At its most shallow this focus on the person responsible for what we are looking at, reading or listening to approaches celebrity culture or the values of the auction room, where a signature is what determines when the gavel falls. More genuinely it is concerned with the act of transubstantiation whereby a person’s nature and experience generates something external to themselves, be it image, song or piece of prose. And that concern is extended to the people who nurtured, influenced or even hampered the talent in question. Creativity is so important to our conception of ourselves as individuals and collectively that it matters whether it is won at the cost of ruthlessness towards others.
Freud was at least true to his episodicist nature, refusing to indulge the cult of fame or notoriety that was eager to attach itself to his name. The paintings were events, isolated and moved on from. He took no responsibility for what people made of them. Now that he is gone however our fascination with him is all that remains: there will be no more canvasses. If, as a result he seems overly pathological to some it cannot be unrelated to the story of himself and his times, any more than the revelatory candour praised by others can be innocent of his remorseless attitude towards those he fucked, fathered and drew. In any case, how can we not want to know what makes someone dwell upon the deceit of human flesh when another story can be told, of its brief perfection – if only in the hope of proving him wrong?
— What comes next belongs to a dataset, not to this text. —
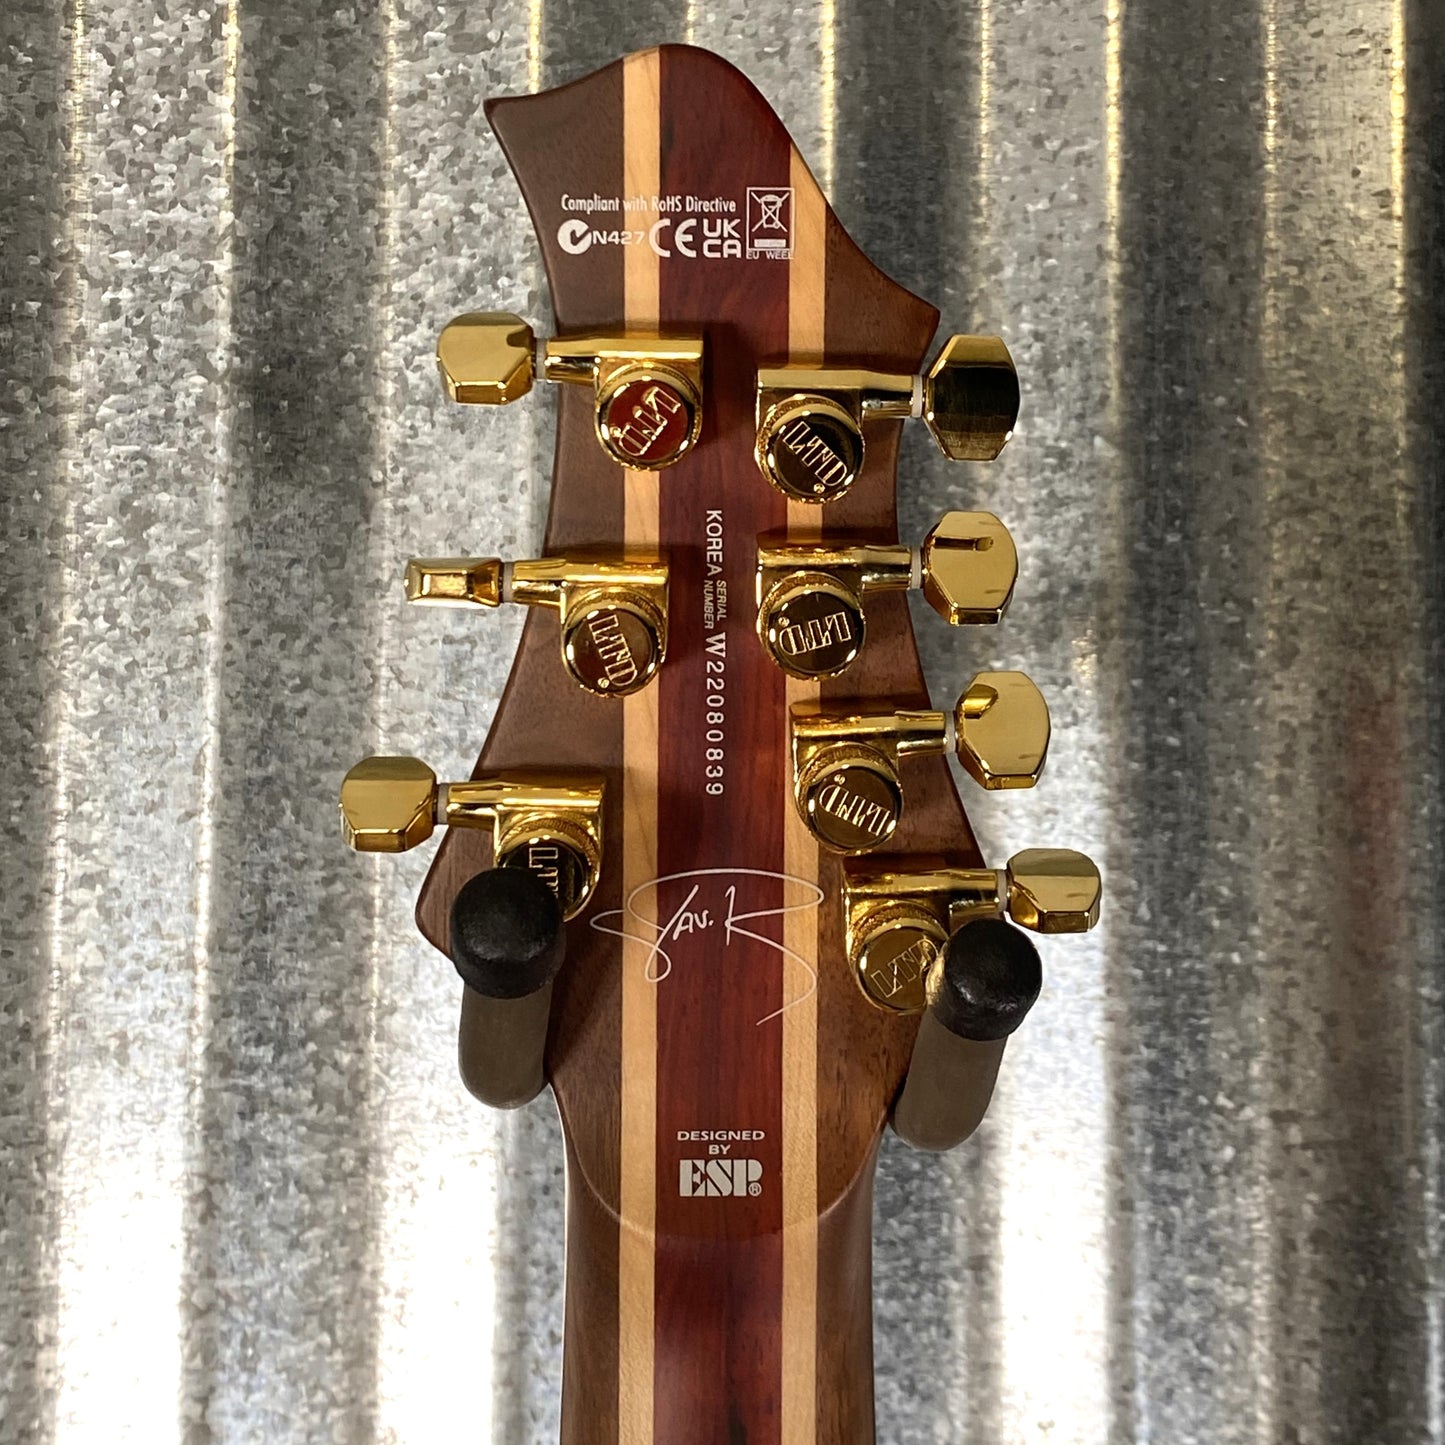 ESP LTD JR-7 Javier Reyes Quilt Fade Blue Sunburst 7 String Guitar & Case LJR7QMFBSB #0839 Used

Of course Barnes’ two categories are at opposite ends of a spectrum which, as with most ranges of behaviour we move along for our own comfort and convenience. So it must be when responding to art. That means not divorcing the work from the life as a matter of principle or judging one by the other in a moralising way, but holding them in suspension alongside each other. It is a form of critical multi-tasking that chooses whether to ignore the artist’s character, erect memorials to their victims while still saluting their victory – or rule that the paint, music or words are more tainted than even genius can allow. As details of his career continue to emerge the second category is the best Lucien Freud can hope for – not that he would have cared.